If anyone has tips for keeping the GX10 stable under this kind of workload — BIOS settings, power management, thermal control, driver options, anything — I’d really appreciate it.

Happy to share full recipes, NCCL flags, SGLang launch scripts, and breakout wiring diagrams if anyone wants to replicate this setup.

Gx10 has some heat issues. I printed a fan box and it’s stable. Thank you for the numbers can you test GLM 5.1?
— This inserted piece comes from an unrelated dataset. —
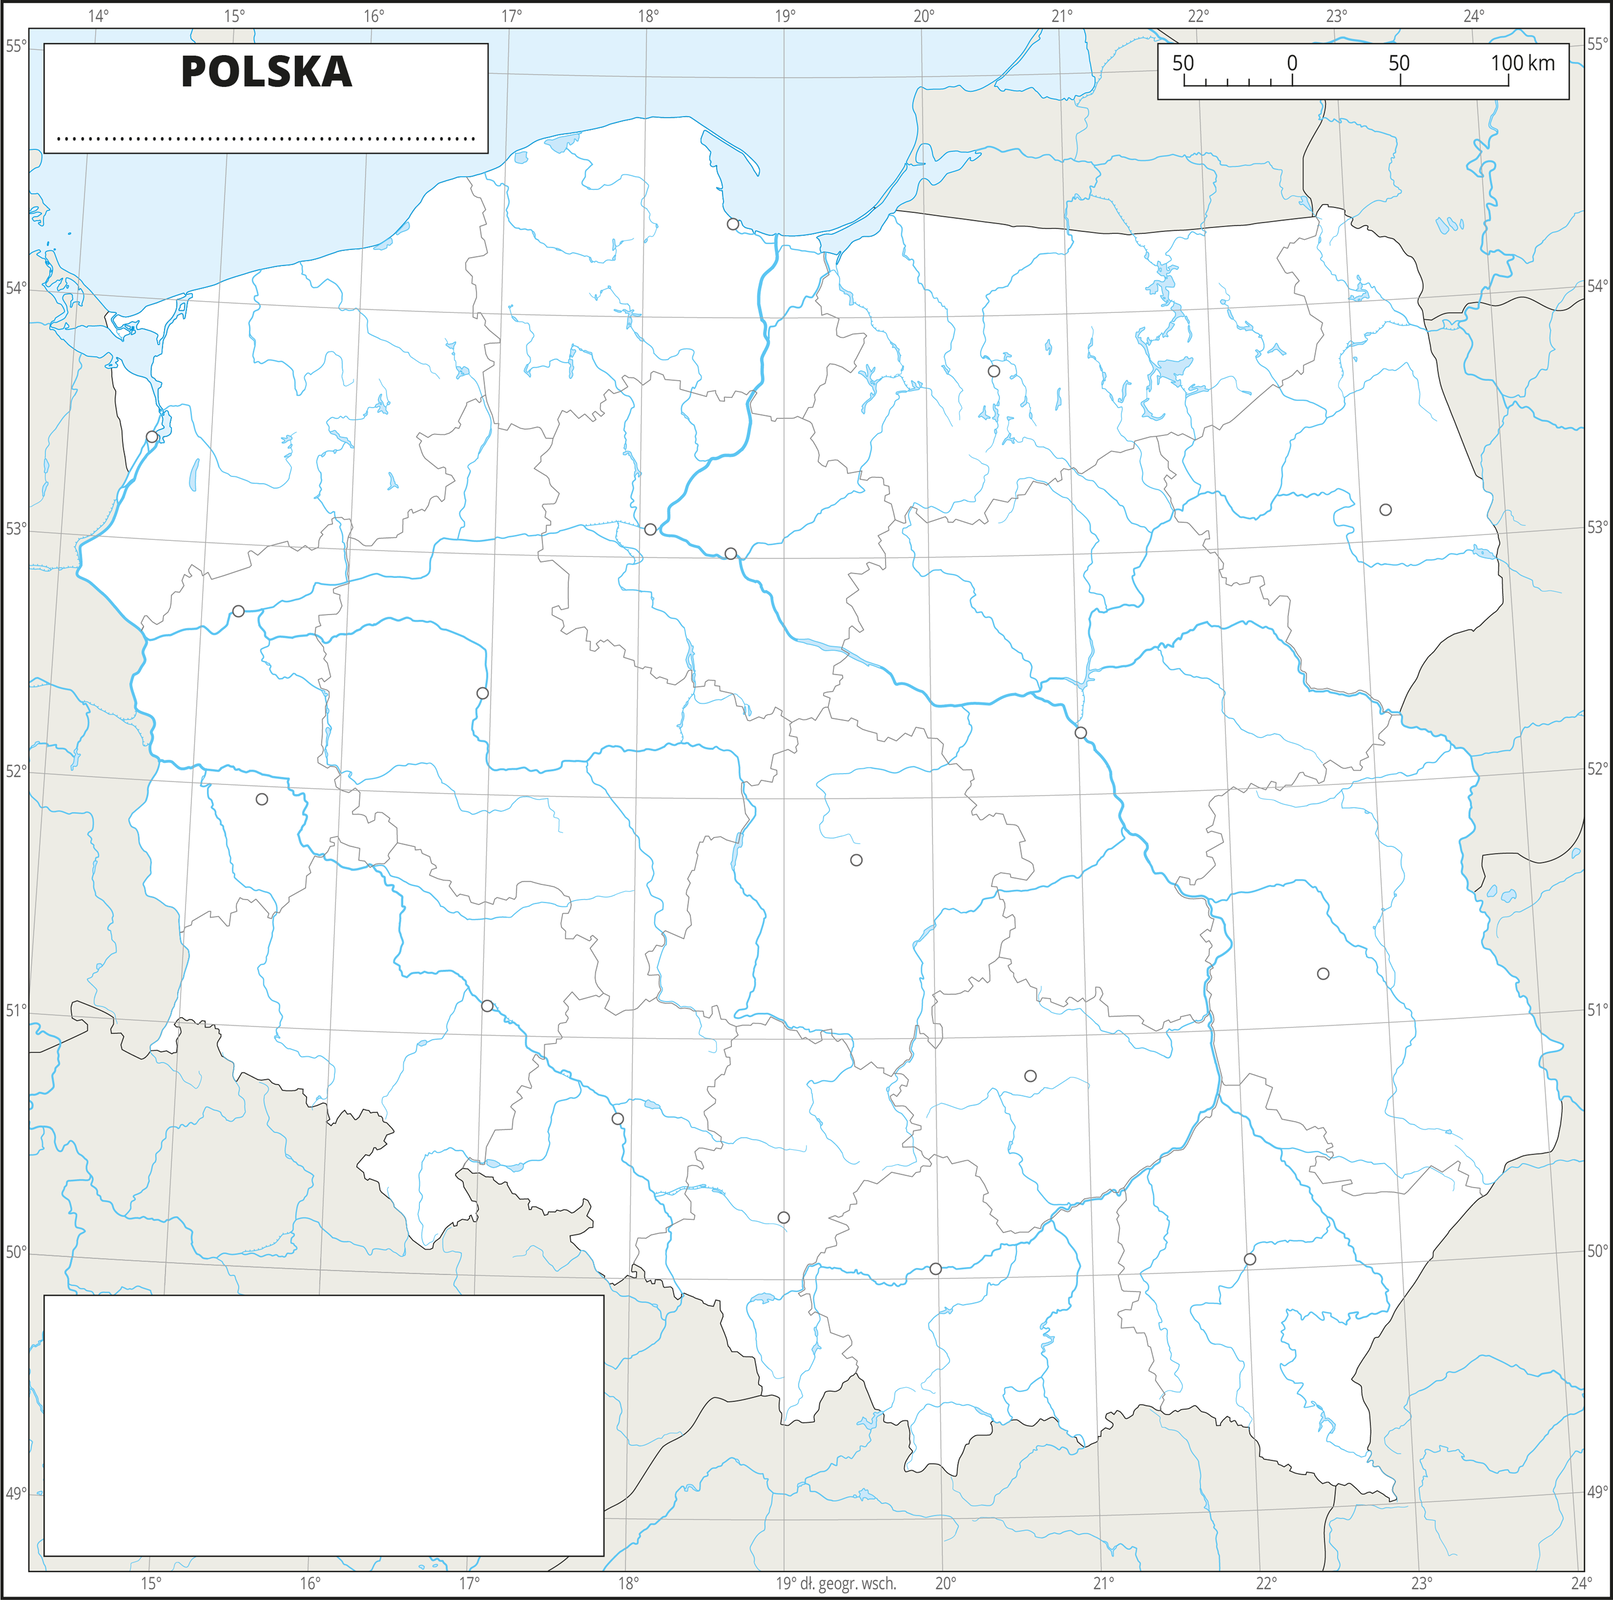 Ilustracja przedstawia konturową mapę Polski z podziałem na województwa. Na mapie przedstawiono hydrografię, granice województw, sygnatury miast wojewódzkich.Dookoła mapy w białej ramce opisano współrzędne geograficzne co jeden stopień. W prawym, górnym rogu znajduje się podziałka liniowa.

sudo nvidia-smi -lgc 0,2000

Although it might seem excessive to limit performance on each node, for many, this change isn’t as impactful as this limit PP mostly, the memory is always the real bottleneck. Anyone doing inference on Nvidia gear is always turning down the power for less heat, less trouble.

You should also look up Henry’s “Spice Harvester” 3d-printed cooling setup.

I’ll add, given that I have the same switch, the darn Connectx-7 is a MAJOR contributor to heat, even though we only get about 100Gpbs out of it.